I mentioned “real problems” in the section title. The inefficiency in our economy is where I find many of these real problems. They are often on a systemic level, like world hunger. These problems are often complex, which lead to people oversimplifying and proposing some unfeasible solutions. Let’s stay with the world hunger example. It is true that there are worrying trend of food waste in more developed countries, but it cannot help that if people there waste less food. To me, the actual source of problem is logistics. How can we distribute food more effectively? It involves many finer technical issues like keeping them fresh or faster transport. I may not able to help with these areas, but I might help other issues that how to make use of data and information gathered to make better decisions. These are complex, hard problems. And they mean something to its eventual consumers (e.g., distributing foods more efficiently, hence making them cheaper and more accessible to those who currently suffer from hunger).

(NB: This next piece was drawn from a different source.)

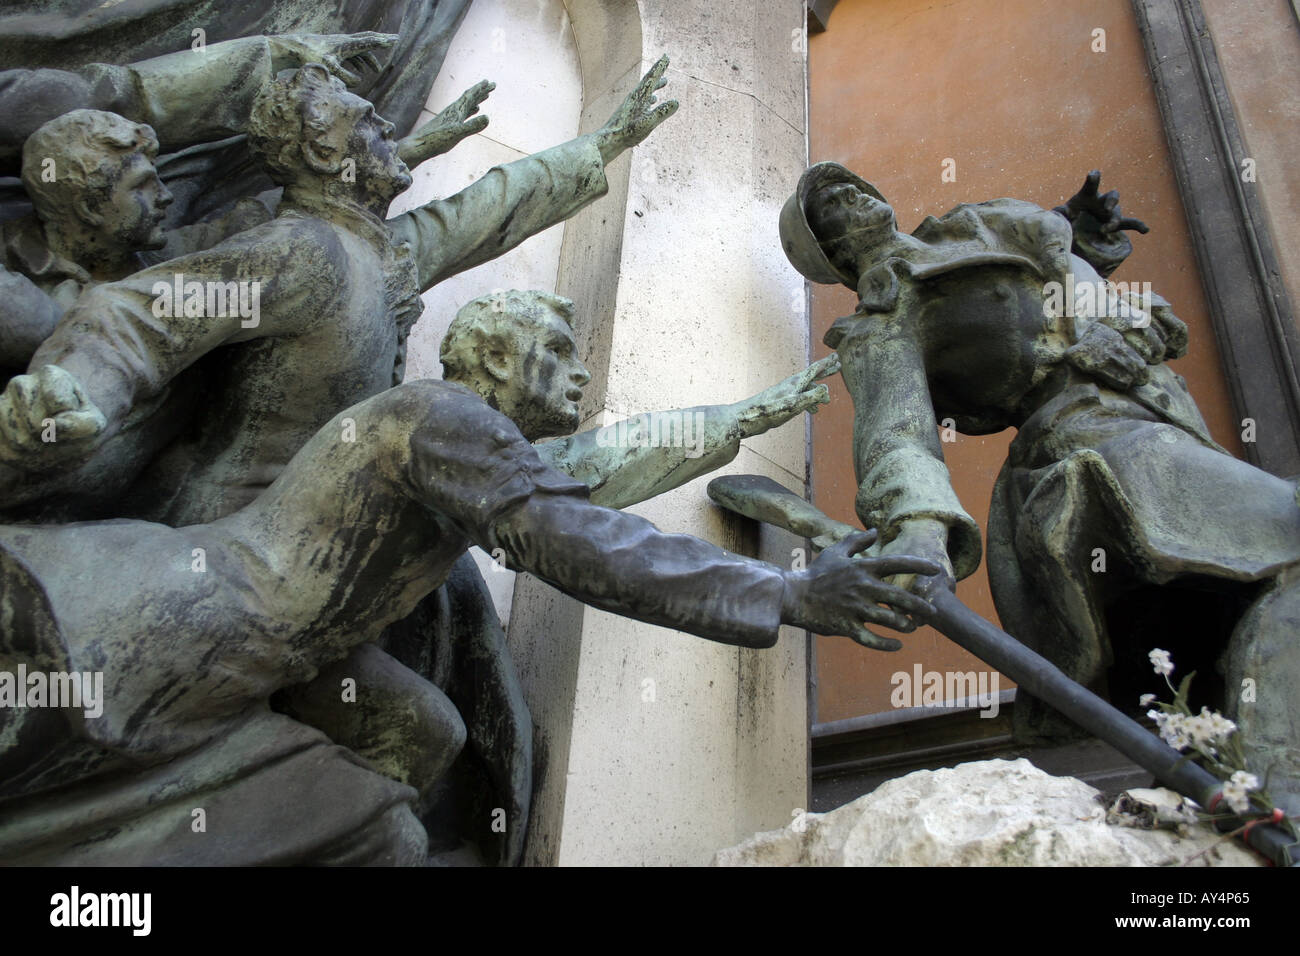 War and conflicts statue Budapest Stock Photo
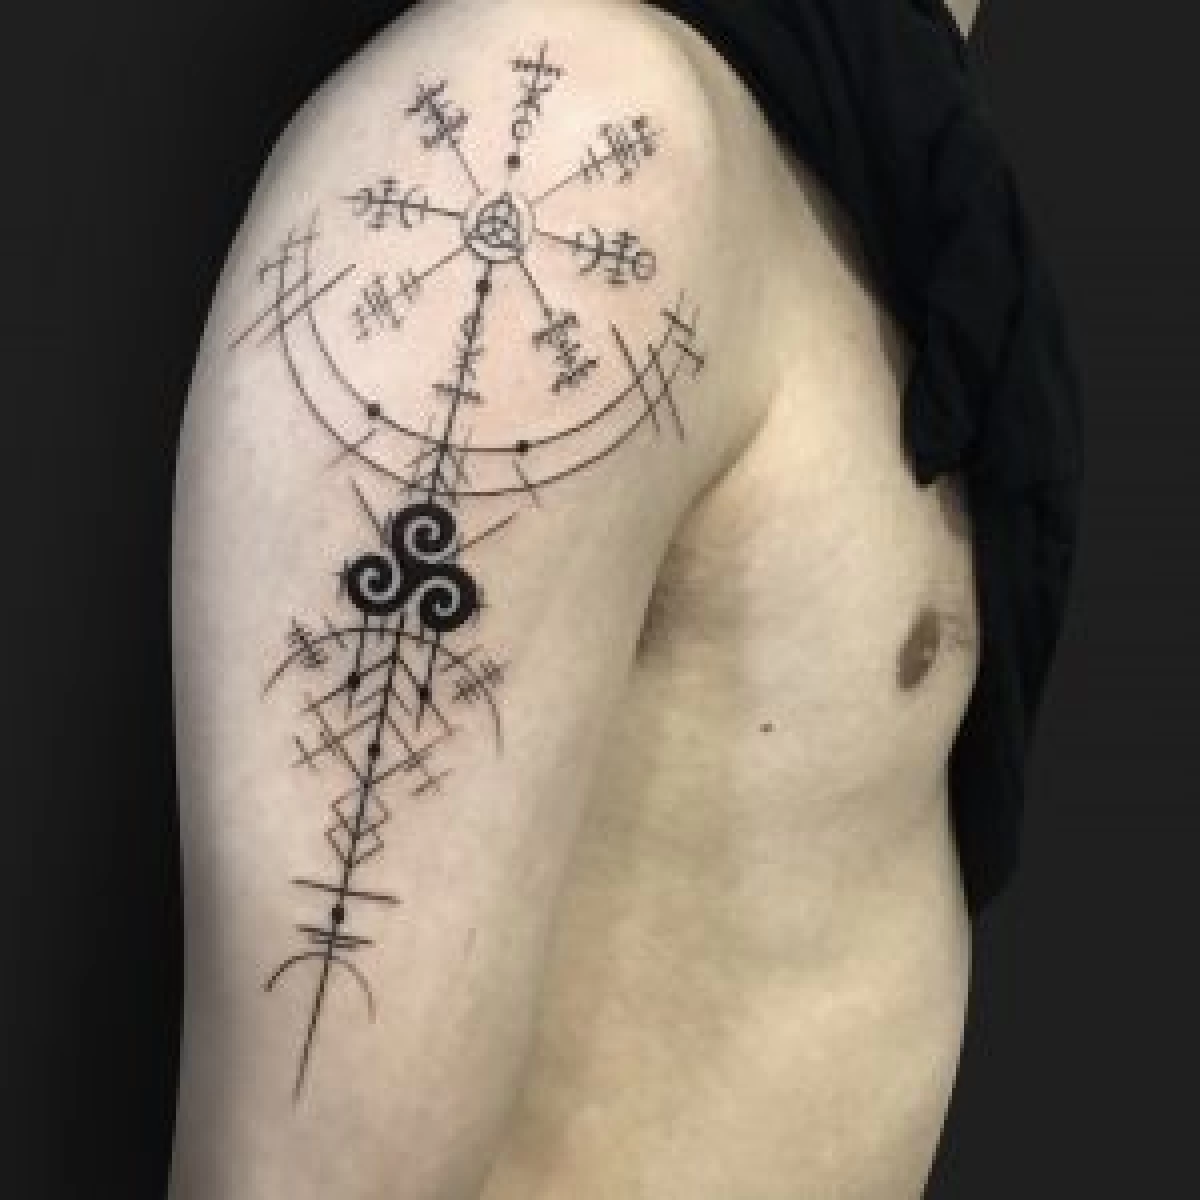 Your guide to Irish & Celtic Tattoos - The Black Hat Tattoo

The Movement Is Already In Motion

Almostly certainly I am not the first one to say all these. In fact, there are so many symptoms showing that humans already started to adapt: the startup culture, the follow-your-passion idea, the slash culture. Many people feel the problem of work detached from meaning. I’d say it is a sign of our progression. We finally reach the stage where we find out that materials start not to matter that much. And it is time to adjust our way of living and organisation of society. It is a spontaneous movement, like all other successful economical movements in the past.

I want to solve real problems. At the same time, I also want to contribute to the future where we have less unnecessary work. So now I start with people who I work with:

  • Minimising “fake” problems, like meaningless pursues, bureaucracy or internal politics, while;
  • Maximising meaningful output, like helping clients to address their actual technical challenges better, faster or in a cheaper way.